I am new to VTune and I am using it to analyse a simple algorithm like finding min and max of a large array. I used the microarchitecture exploration mode hoping to investigate if it is memory bound or front end bound. So in this situation, what does it mean to be 100% core bound? Or more likely, what am I doing wrong while measuring? Sorry if I am asking a stupid question and thank you for taking the time to read my question.
Other info:
Linux kernel version: 4.14.81.bm.21-amd64
LSB: Debian GNU/Linux 9.12 (stretch)
Model name: Intel(R) Xeon(R) Gold 6130 CPU @ 2.10GHz (Skylake)

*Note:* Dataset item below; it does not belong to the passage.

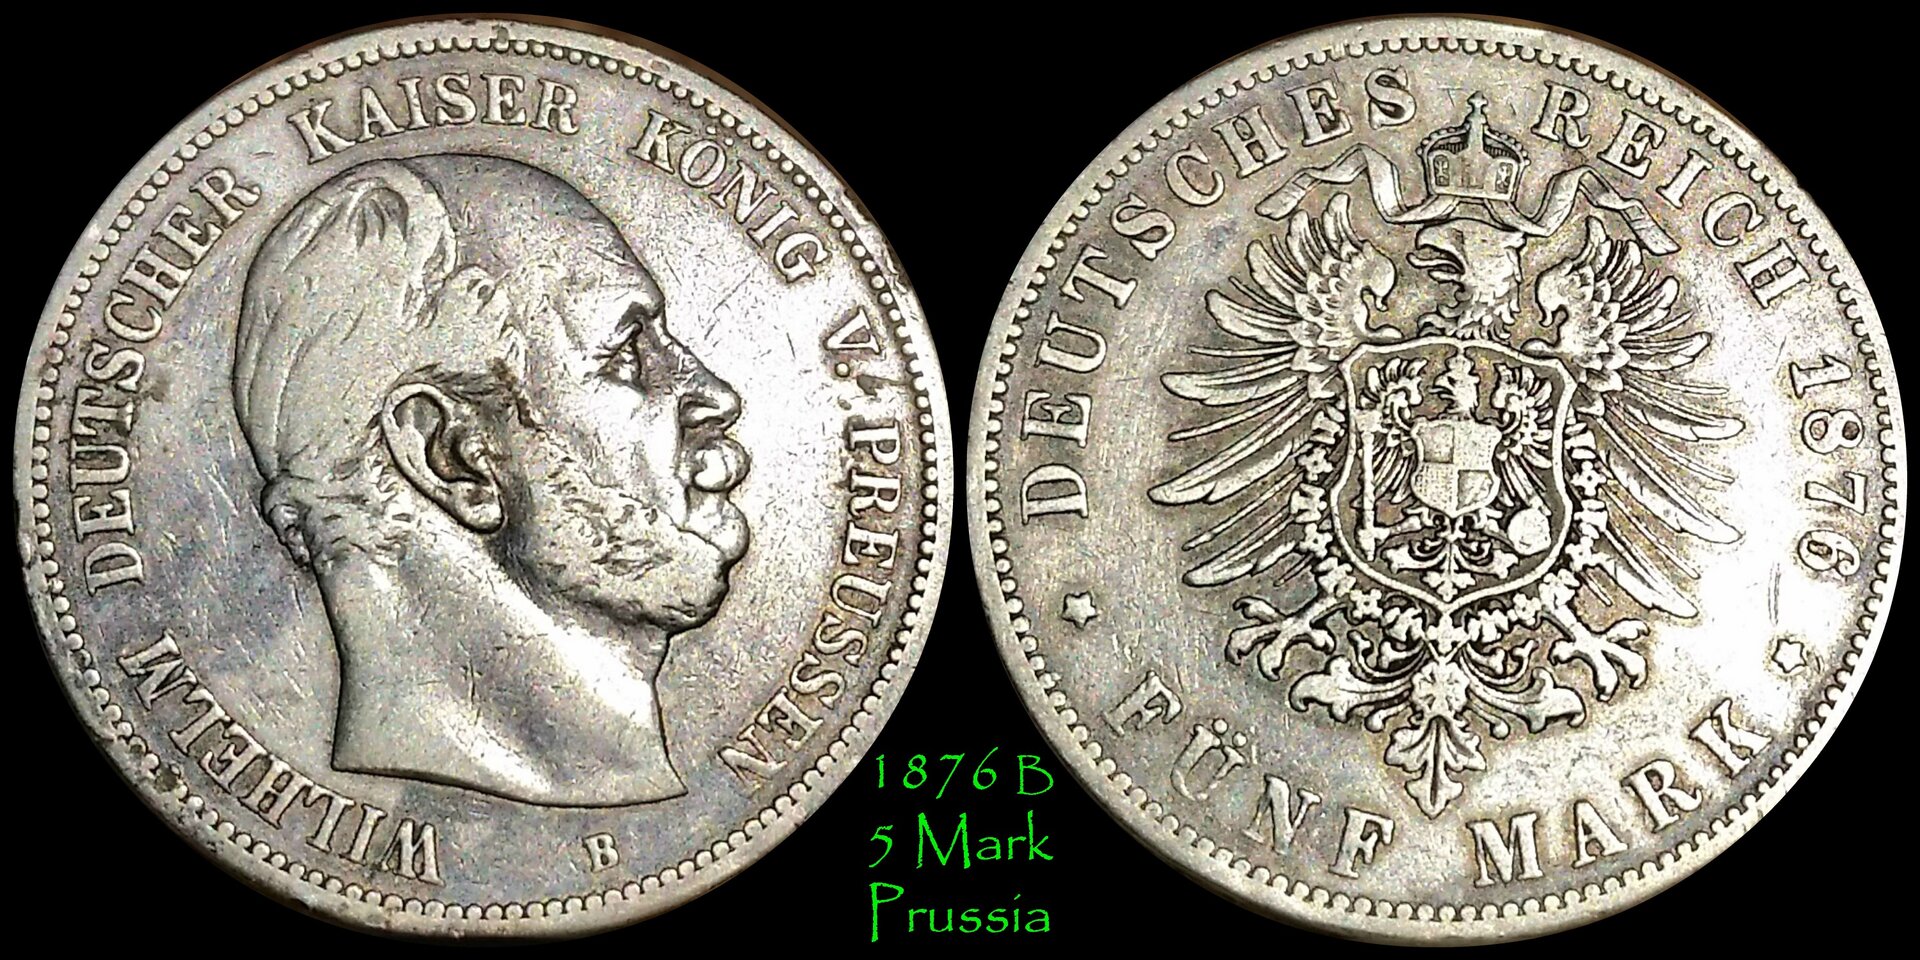 1876 B 5 Mark Prussia.jpg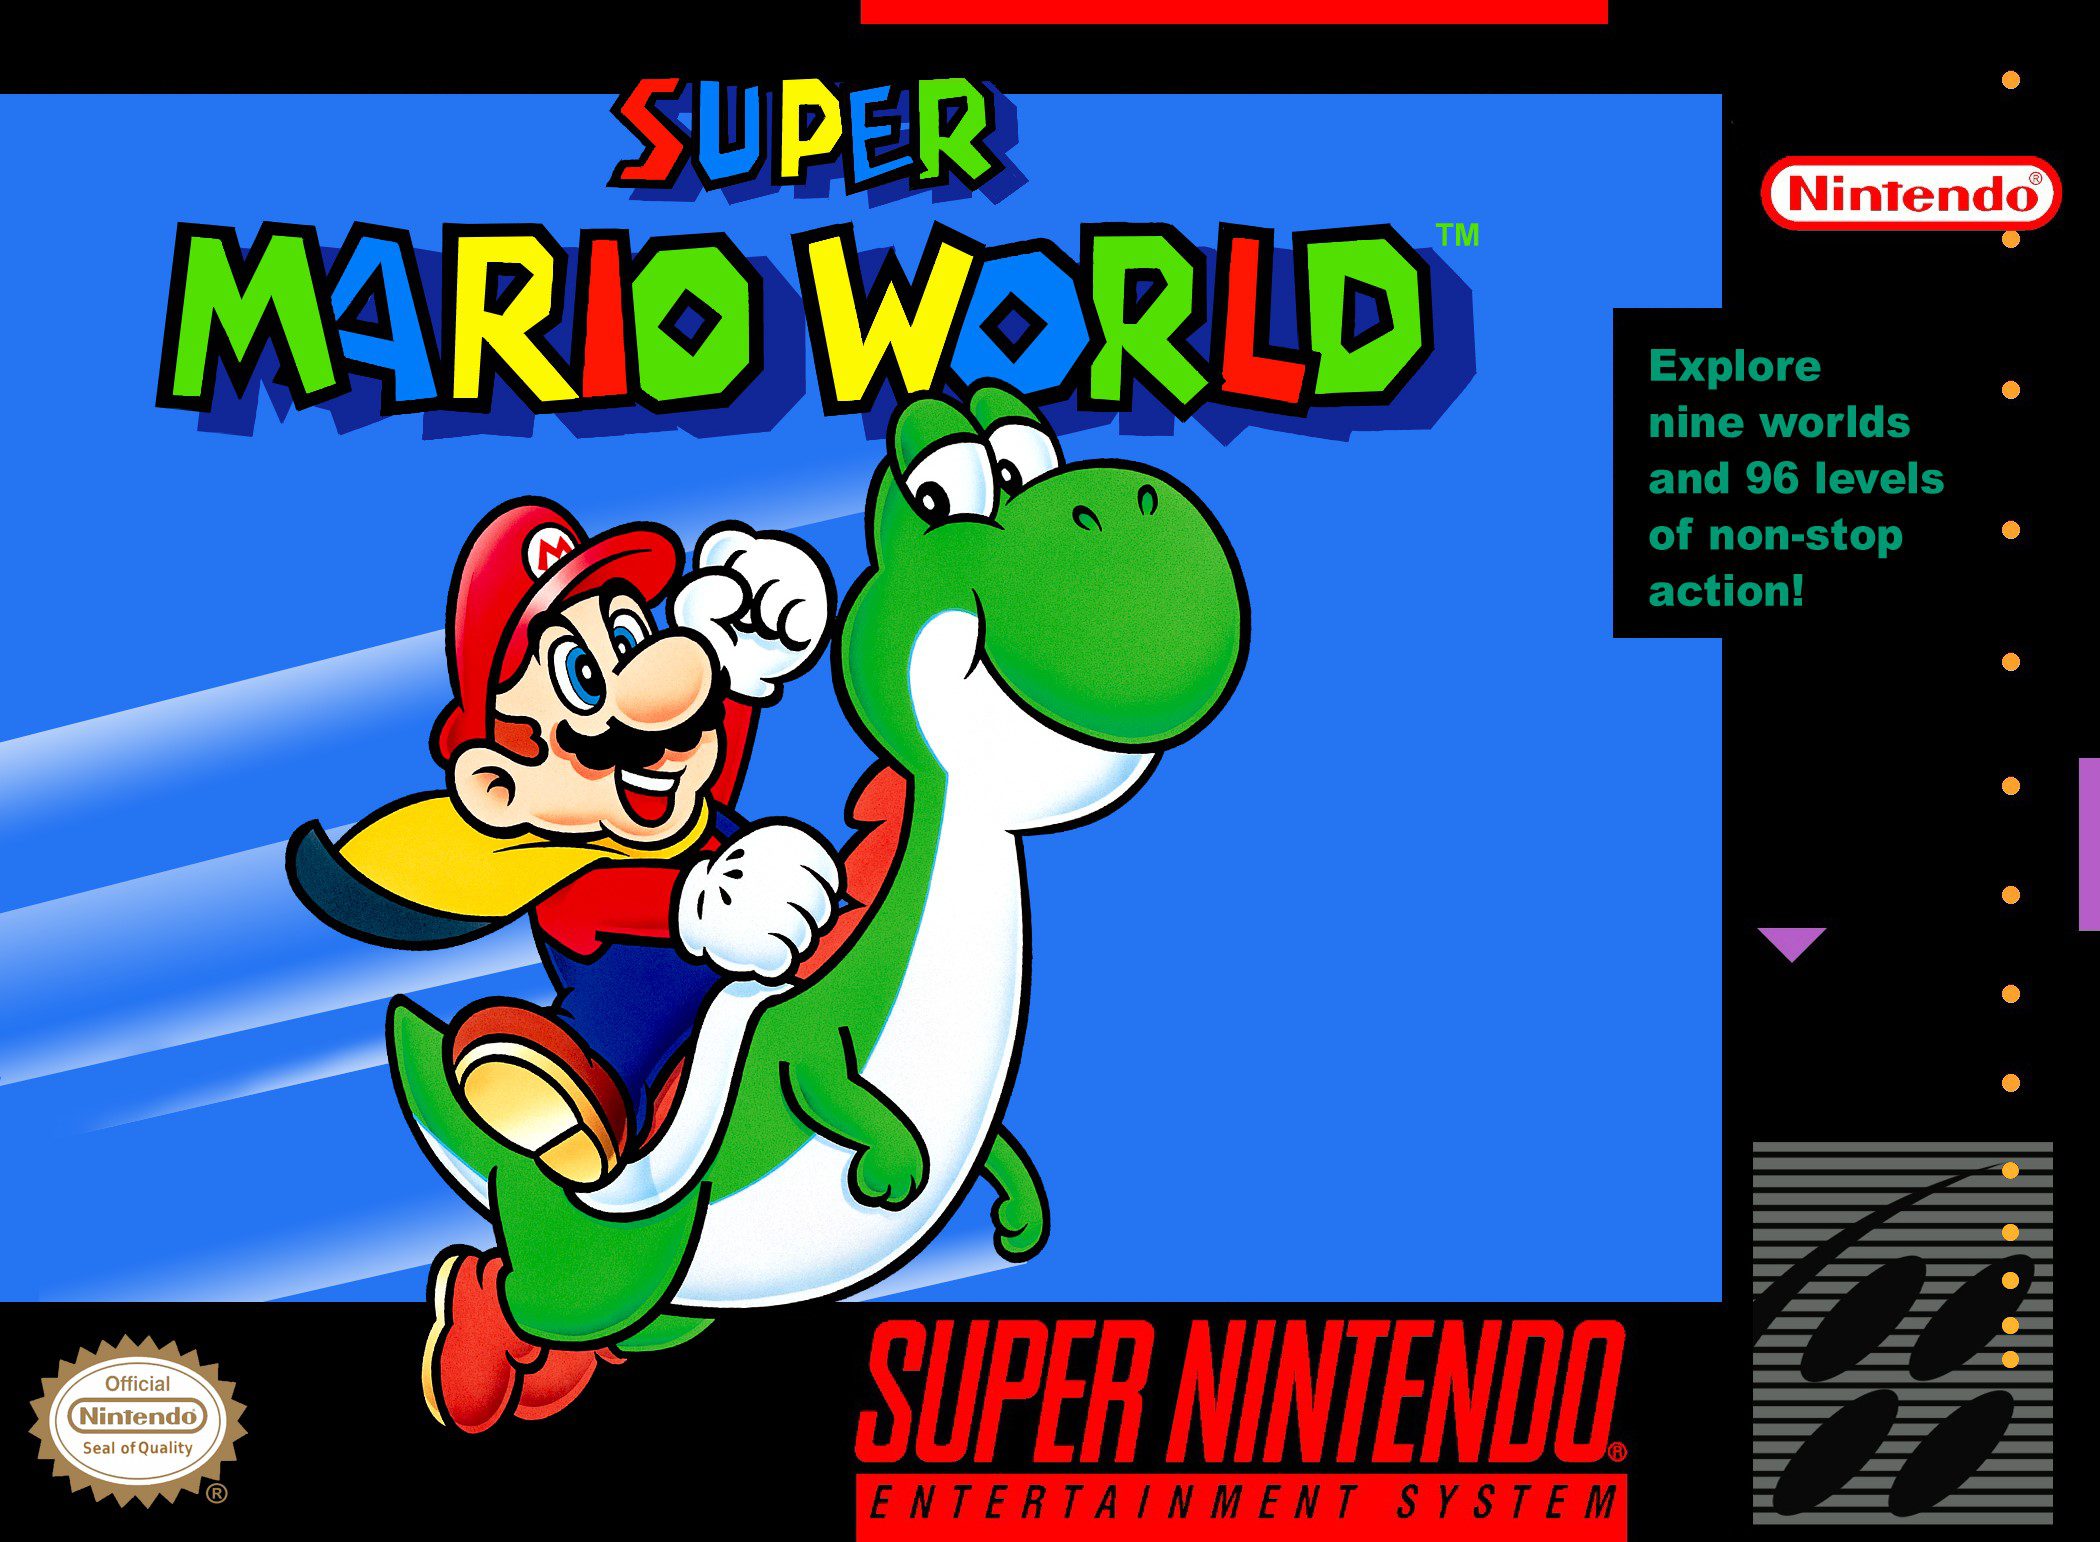 Super Mario World for Super Nintendo Entertainment System (SNES)

Code I am running, the source array can go up to 1GB (== source size of 2^28 as each data is 4 bytes):
__attribute__((noinline)) void findMinMax(int32_t *src, uint32_t src_size, int32_t &min, int32_t &max) { min = src[0]; max = src[0]; for (int i = 1; i < src_size; i++) { auto current = src[i]; if (current < min) { min = current; } if (current > max) { max = current; } } }
The executable is also compiled using GCC 9.3 with -O3 flag. I also have tried different levels of optimisation flags, including no optimisation flag, and all of them yield 100% core bound.
I also have tried on various other simple algorithms and they seem to give the same 100% core bound issue.